In some cases, historic buildings can be renovated to again serve their original purpose. For instance, many old bunkhouses can be remodeled so they meet modern needs. By insulating and sealing against drafts, replacing the heating and cooling systems and wiring, adding communications and entertainment wiring and outlets, updating bathrooms, remodeling kitchens, and providing new shades and mattresses, or perhaps new built-in storage for sleeping areas, these buildings can once again perform well. Modifications can usually be achieved more economically than replacing the building and without impacting the features that make the building a valuable historic resource. The National Park Service’s Technical Preservation Services Website, Applying the Standards for Rehabilitation, contains great information on how to rehabilitate a historic building.

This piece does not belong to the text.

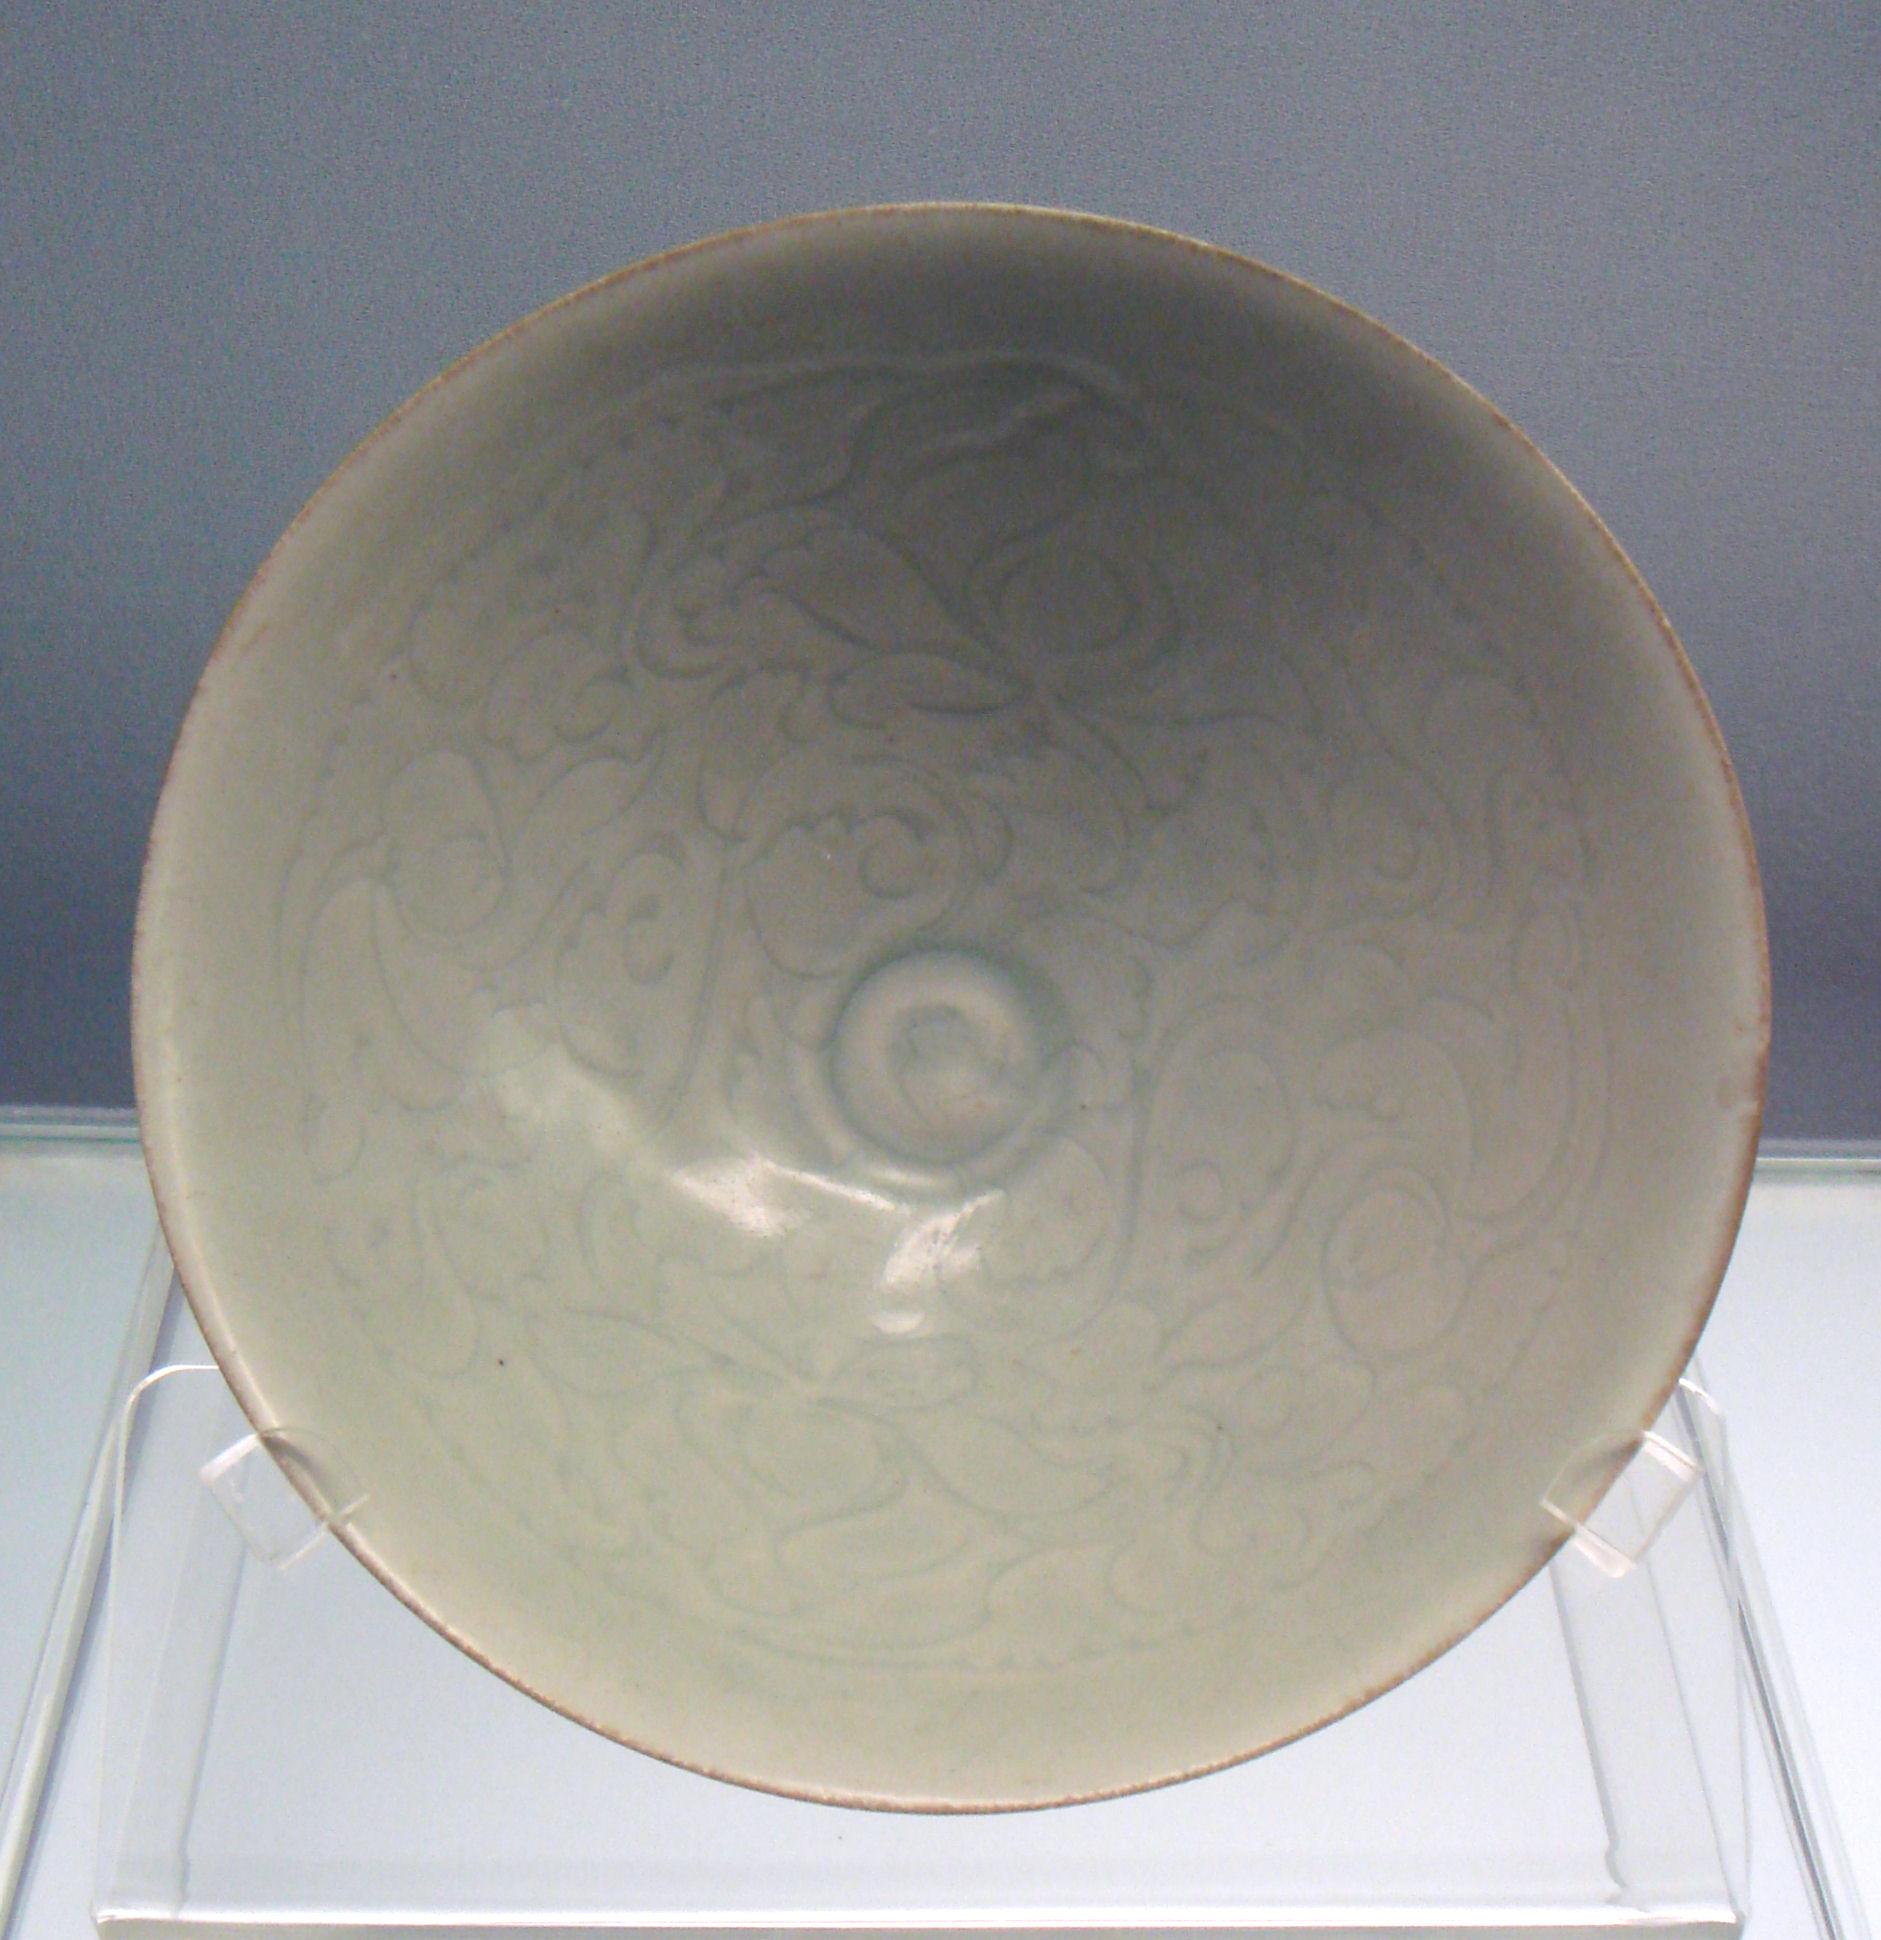 Jingdezhen porcelain - Wikipedia

Buildings that remain in use for more than a decade almost always evolve to accommodate changing needs. Construction methods, Codes, and technology advance. The realities of budgets and missions bring new expectations of comfort, practicality, convenience, and purpose. Sometimes more space is needed and sometimes less space is used as work moves from one part of a Forest to another or as functions are consolidated or decentralized. Thus, it may make sense for a historic ranger’s house or bunkhouse to become an office or for an isolated cabin or lookout to be rented for recreation use. Offices may become bunkhouses for work centers. Cookhouses may be converted to meeting and break rooms, and their kitchens used for lunch preparation and to house the office coffee maker. Warehouses may become fire stations. Tree coolers may become warehouses. The key is to match the needed purpose to historic buildings of about the right size and configuration, so that they can be renovated at less cost than would be needed for demolition and construction of a new building. The National Park Service’s Website How to Preserve contains great tips and information on how to renovate for a new use.

Sometimes a building would be suitable for a continued or new use if it had a little more space in it. Additions to historic buildings must be done carefully. An addition must be different enough from the historic building so that it doesn’t appear to be part of the historic building, but it can’t be so large or so shockingly different that it overwhelms the historic structure. The size, scale, massing, materials, and proportions of the new addition must be compatible with the historic building but not imitate it. The National Park Service’s Webpage on Special Requirements for New Additions to Historic Buildings and Preservation Brief 14, New Exterior Additions to Historic Buildings: Preservation Concerns explain how to add to historic buildings without unduly damaging the historic resource.

Keep in mind that the keys to choosing an appropriate use for a historic building are need, location, and size, and follow the guidelines for a successful building re-use.